Afishwithabike Posted July 12, 2011 Posted July 12, 2011 Thank you D-Lish..you are totally 100% right. I had one glass of wine, a beer, was totally myself and normal and kind to him. I didn't do anything dumb, flirt with anyone or make any dumb moves. I feel a little better just knowing that I was the normal kind person I am and just wanted things to work. He lives in Minnesota and I live in Oregon. My family is in Minnesota and I was going to visit and was looking forward to spending lots of quality time getting to know him. It's his loss. You'll find someone who loves and values you the way you are.
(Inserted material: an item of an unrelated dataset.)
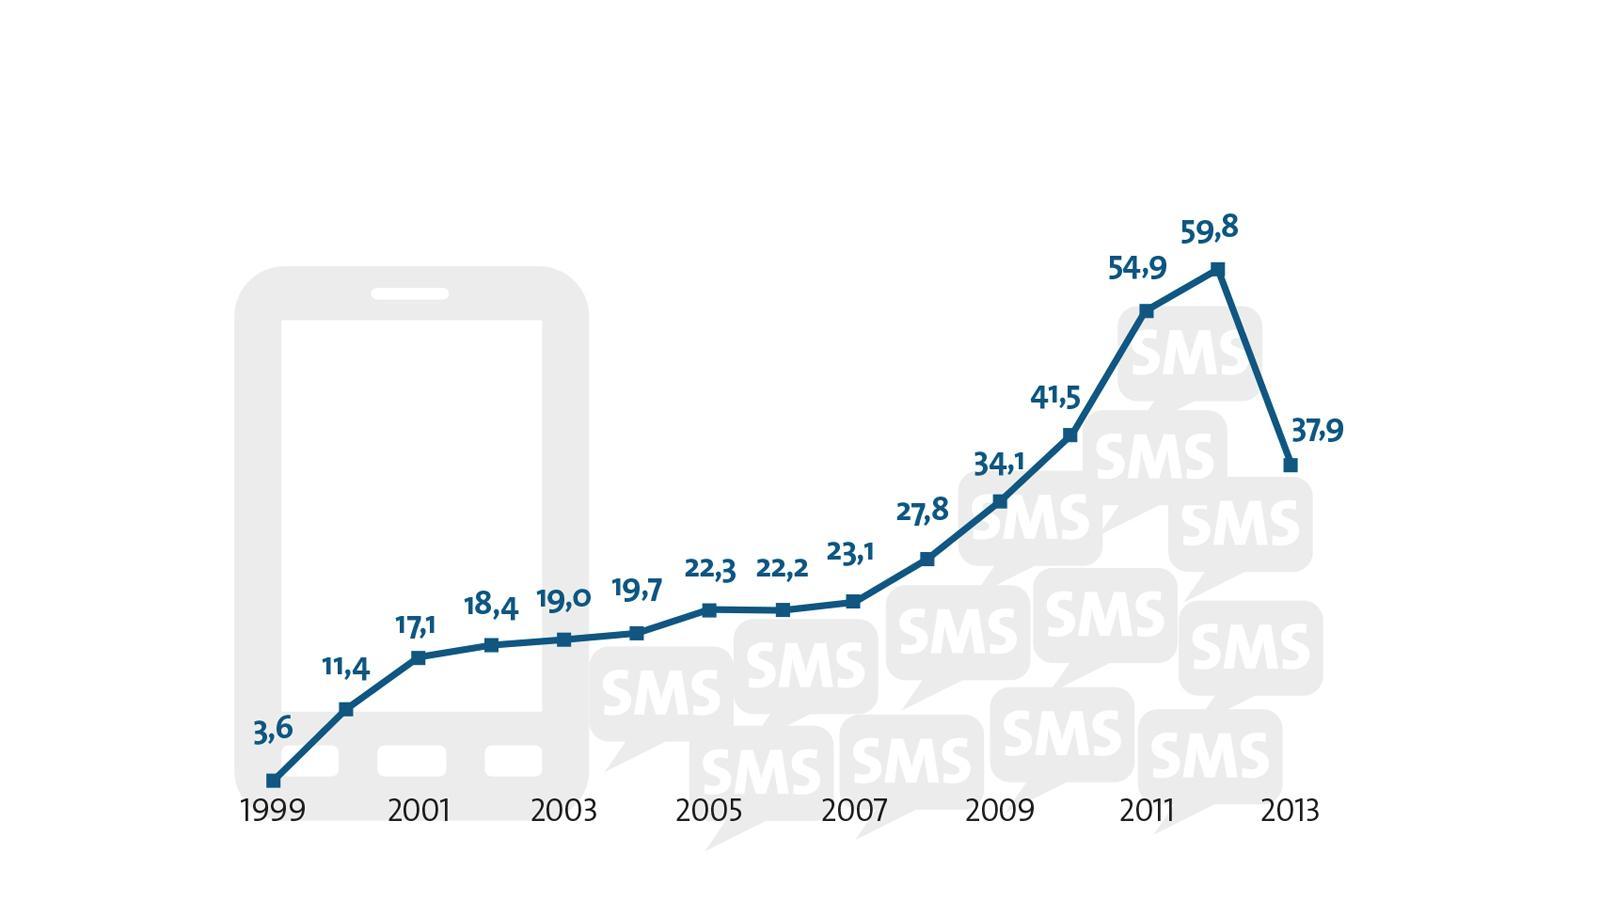 SMS im Sinkflug

Author Bittersweet_Love Posted July 12, 2011 Author Posted July 12, 2011 Hi Feelsgoodman.. I actually AM Pakistani...an American born Pakistani. This is where is gets so hard for me. I thought he was a liberal Pakistani man but apparently not..so hard to find someone who is a good mix of east and west
Author Bittersweet_Love Posted July 13, 2011 Author Posted July 13, 2011 Everyday I get a little bit stronger from this but, I would be lying if I said it still wasn't something I thought about everyday. Here is my question: Would I be doing myself a disservice to write him an email venting out some of the anger I have? I know NC is probably BEST in this situation and to just move on but, I still cannot shake how we talked for three months and then how he treated me when I visited and now completely disappearance. IT'S INFURIATING! I want to let him know how upset I am and how confused by his actions. I know it's probably NOT a good idea but could it possibly do some good at least to get some closure? I feel like he could have at least given me THAT..but it never ceases to amaze me how some people can act. UGH It would be a simple email saying... hey, I haven't heard from you since I got back to Oregon and I just wanted to express my disappointment in how you acted when I was there...(maybe a short explanation) and end it nicely with "I wish you the best" I don't know...maybe that's dumb....and I should just move on....thoughts?
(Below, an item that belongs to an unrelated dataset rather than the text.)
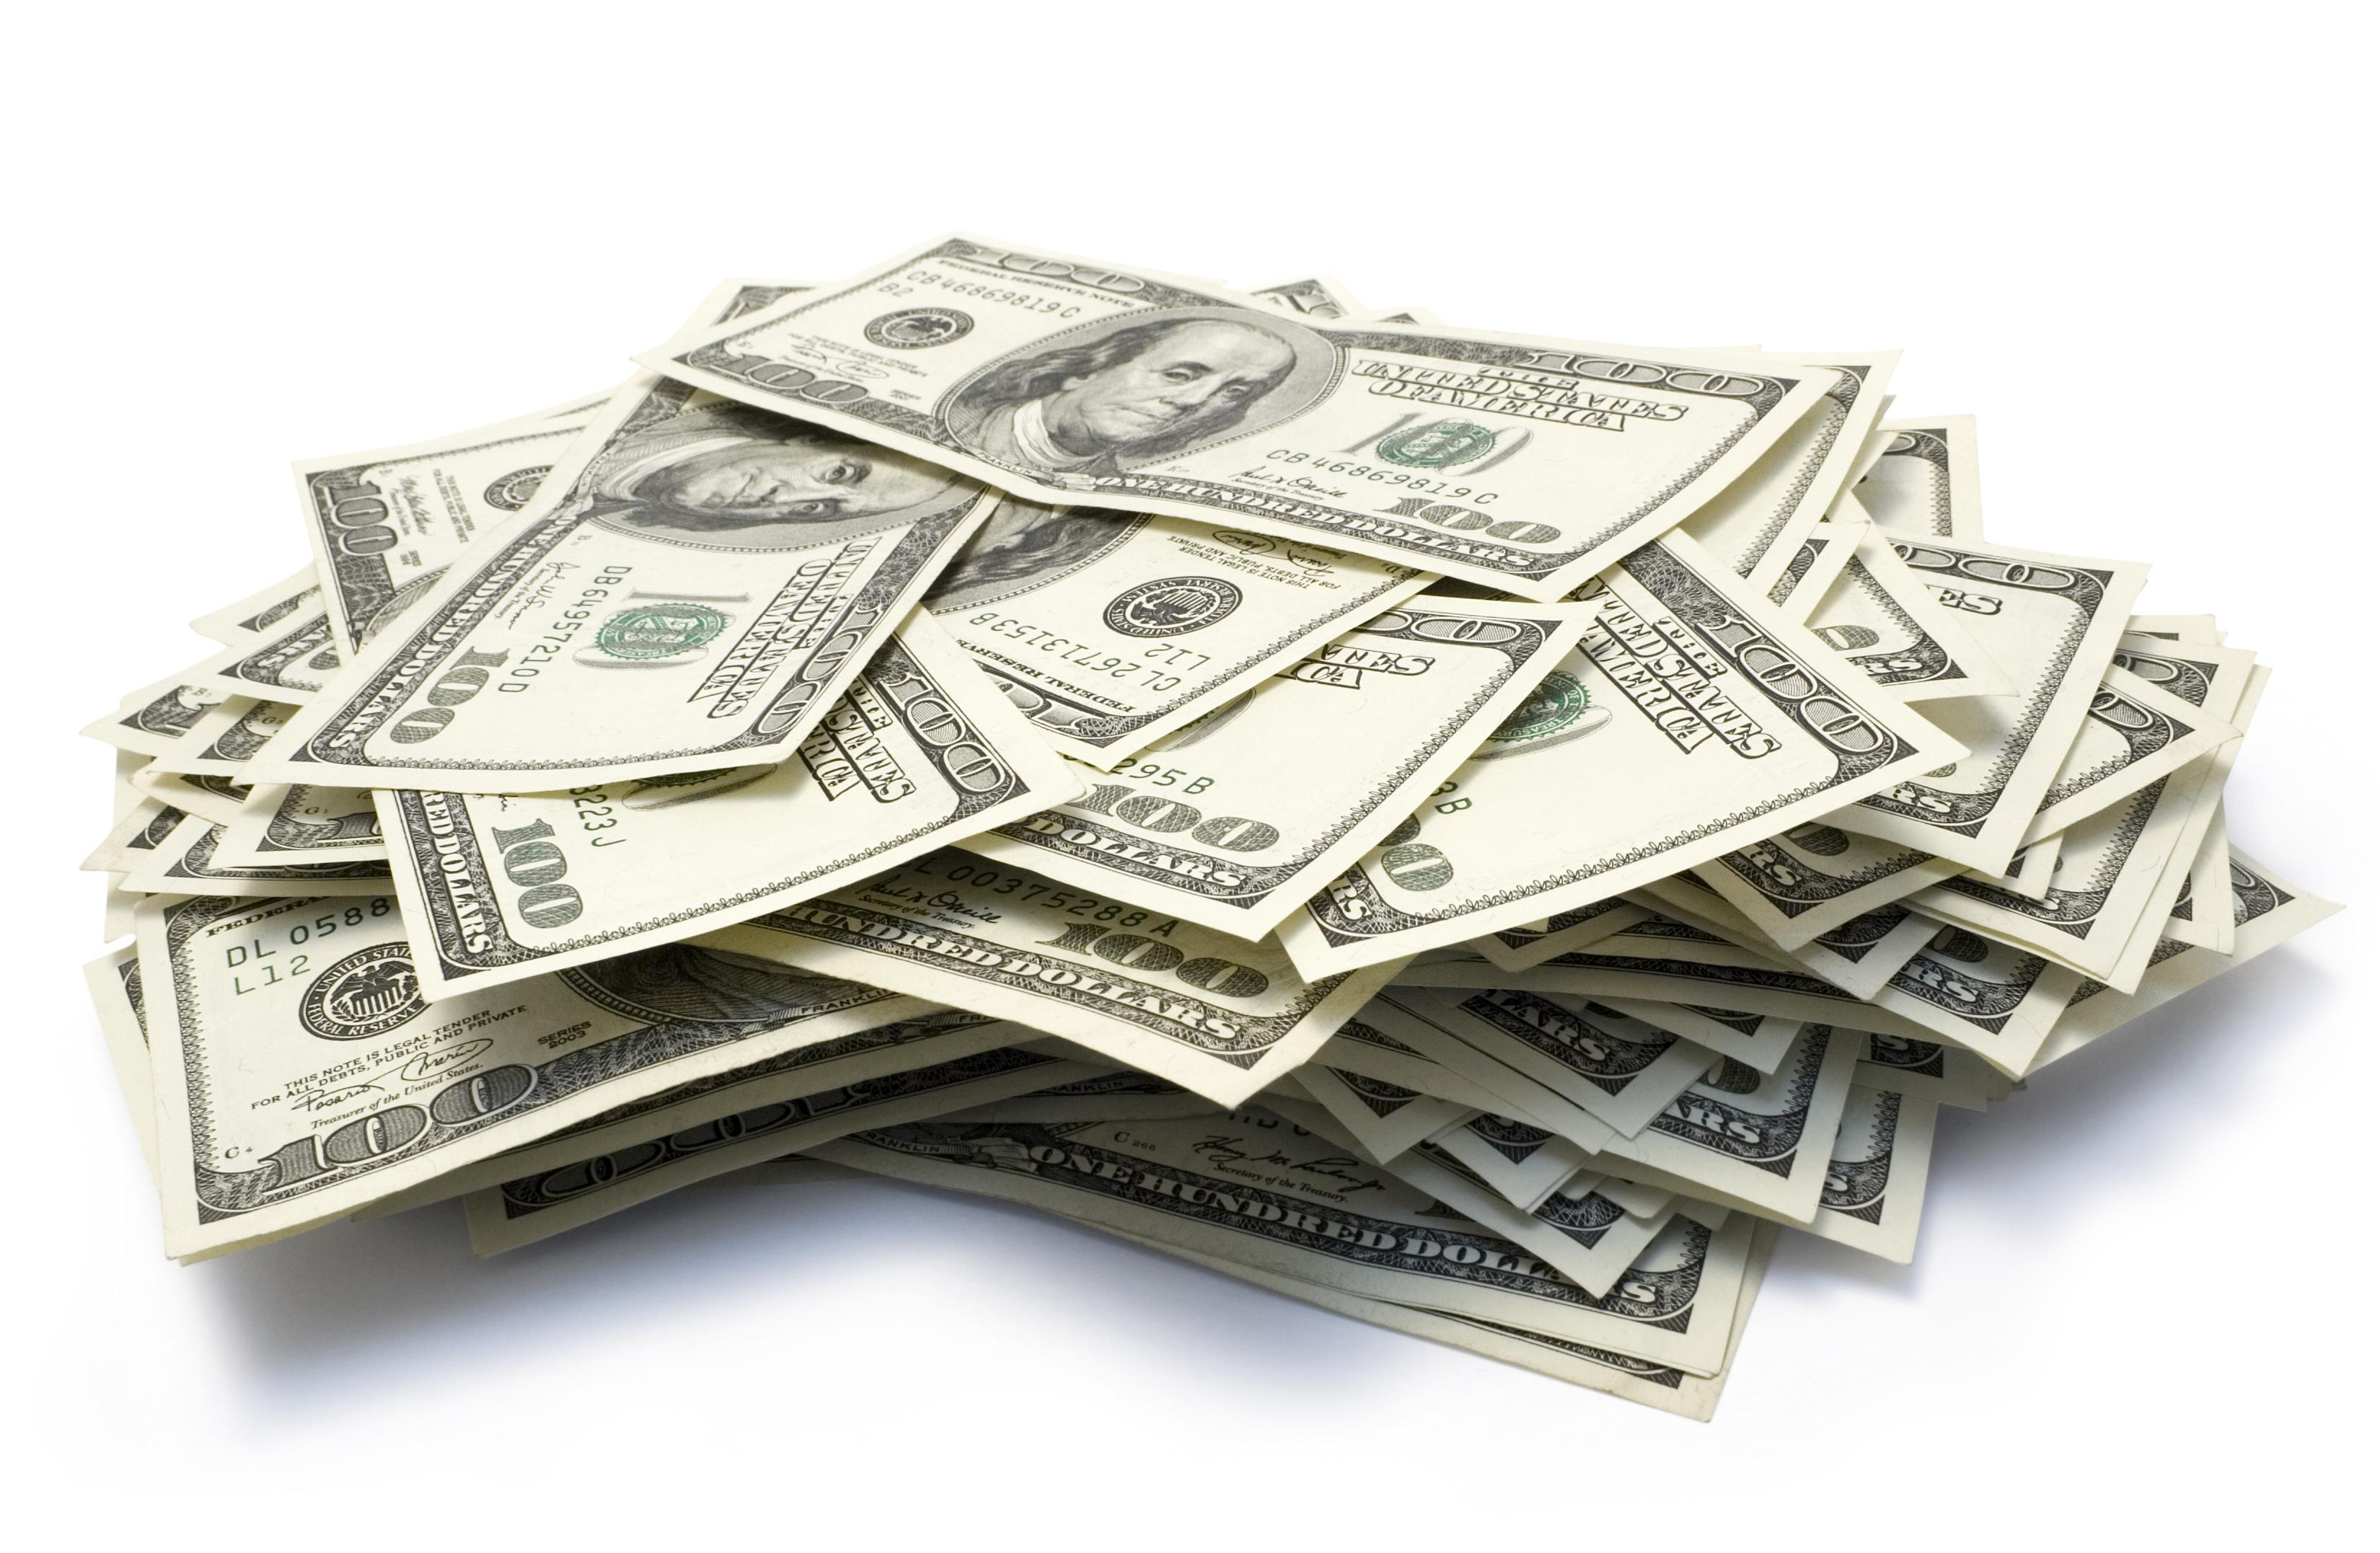 Cash clipart pile money, Cash pile money Transparent FREE ...

Afishwithabike Posted July 13, 2011 Posted July 13, 2011 I think the idea is fine, but I would keep the email shorter. I don't know if right now you need to include the short explanation. If he responds with "what did I do wrong?" then maybe give an explanation.
Feelsgoodman Posted July 14, 2011 Posted July 14, 2011 Everyday I get a little bit stronger from this but, I would be lying if I said it still wasn't something I thought about everyday. Here is my question: Would I be doing myself a disservice to write him an email venting out some of the anger I have? I know NC is probably BEST in this situation and to just move on but, I still cannot shake how we talked for three months and then how he treated me when I visited and now completely disappearance. IT'S INFURIATING! I want to let him know how upset I am and how confused by his actions. I know it's probably NOT a good idea but could it possibly do some good at least to get some closure? I feel like he could have at least given me THAT..but it never ceases to amaze me how some people can act. UGH It would be a simple email saying... hey, I haven't heard from you since I got back to Oregon and I just wanted to express my disappointment in how you acted when I was there...(maybe a short explanation) and end it nicely with "I wish you the best" I don't know...maybe that's dumb....and I should just move on....thoughts? Yes, it is dumb. It won't bring you closure, as he will just laugh it off or come up with some bs excuse. Move on with your life.